Disable Contributor Insights rules

You can disable the built-in rules for AWS PrivateLink at any time. After you disable a rule, it stops collecting contributor data, but existing contributor data is kept until it is 15 days old. After you disable a rule, you can enable it again to resume collecting contributor data.

To disable the Contributor Insights rules for AWS PrivateLink using the console

  1. Open the Amazon VPC console at https://console.aws.amazon.com/vpc/.

  2. In the navigation pane, choose Endpoint services.

  3. Select your endpoint service.

  4. On the Contributor Insights tab, choose Disable all to disable all rules.

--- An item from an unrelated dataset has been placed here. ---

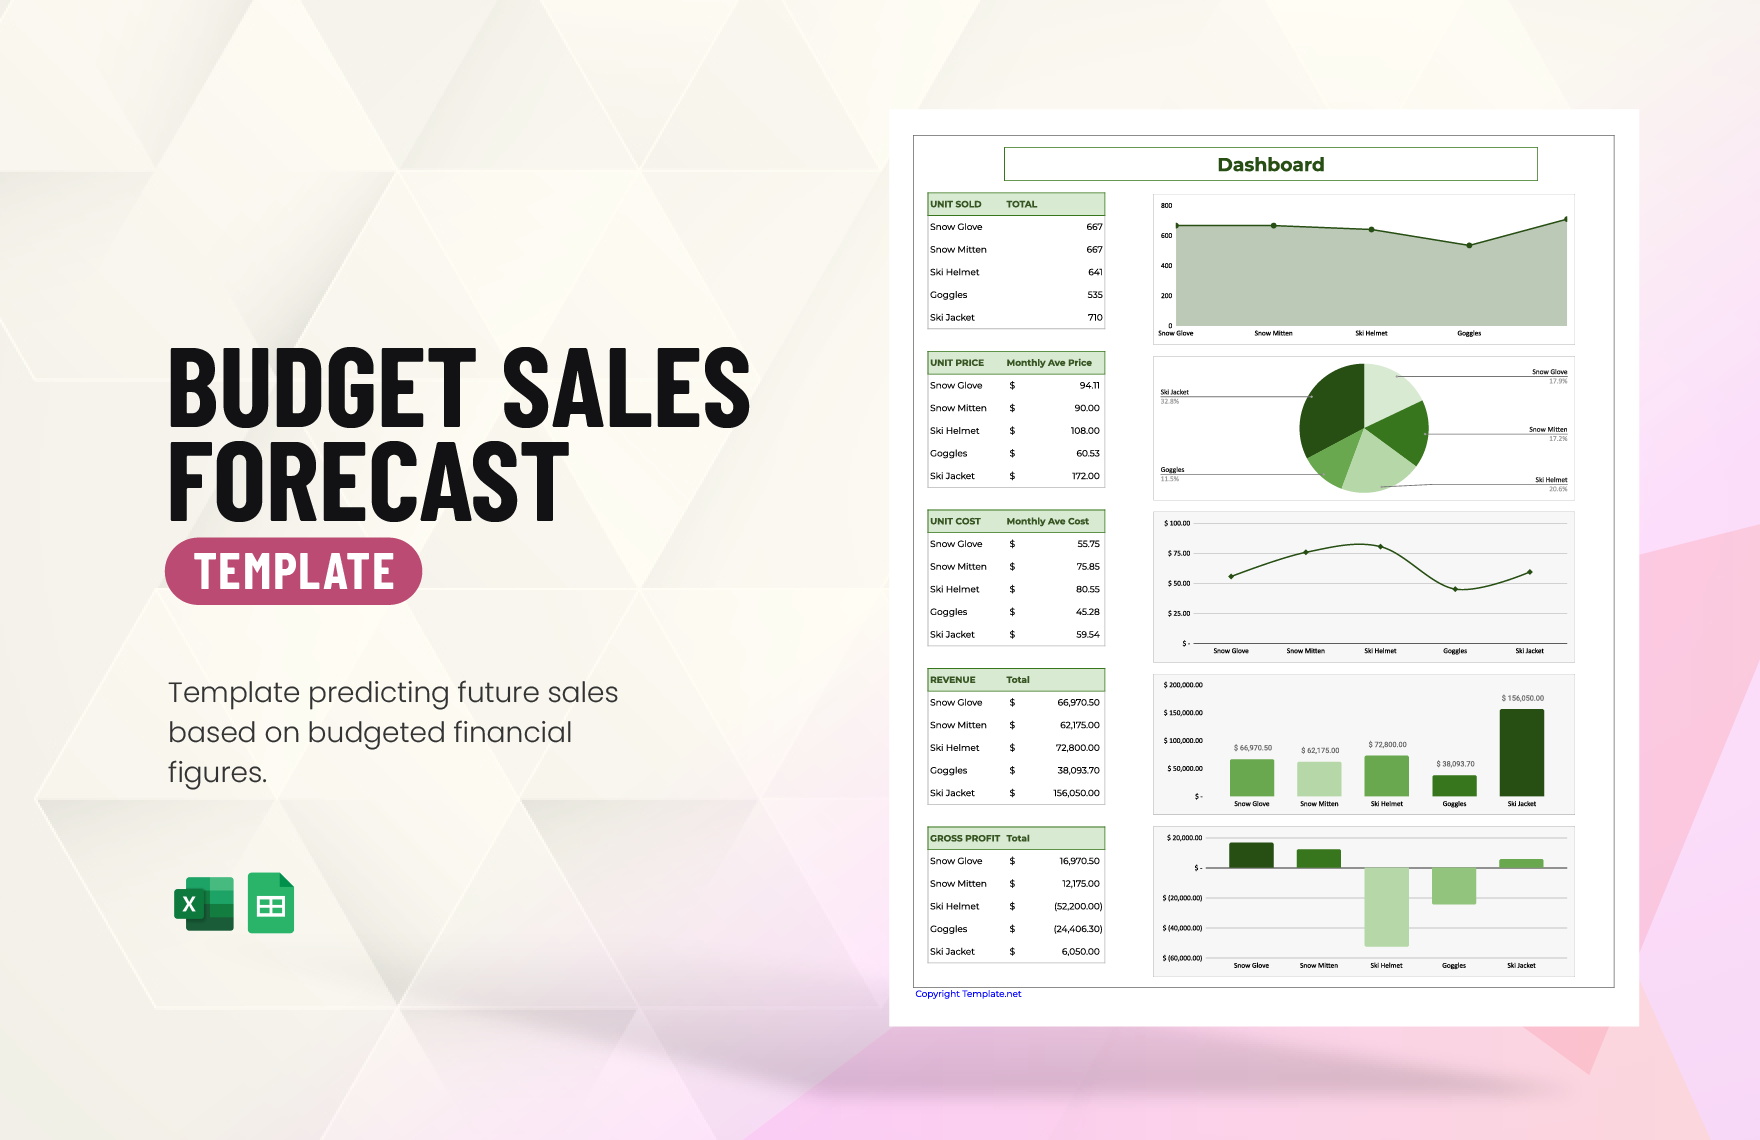 Budget Sales Forecast Template

Alternatively, expand the Rules panel, select the rules to disable, and then choose Actions, Disable rule

  5. When prompted for confirmation, choose Disable.

To disable the Contributor Insights rules for AWS PrivateLink using the AWS CLI

Use the disable-insight-rules command to disable a rule.

Delete Contributor Insights rules

Use the following procedures to delete the built-in rules for AWS PrivateLink using either the AWS Management Console or the AWS CLI. After you delete a rule, it stops collecting contributor data and we delete the existing contributor data.

To delete Contributor Insights rules for AWS PrivateLink using the console

  1. Open the CloudWatch console at https://console.aws.amazon.com/cloudwatch/.

  2. In the navigation pane, choose Insights, Contributor Insights.

  3. Expand the Rules panel and select the rules.

  4. Choose Actions, Delete rule.

  5. When prompted for confirmation, choose Delete.

To delete Contributor Insights rules for AWS PrivateLink using the AWS CLI

Use the delete-insight-rules command to delete a rule.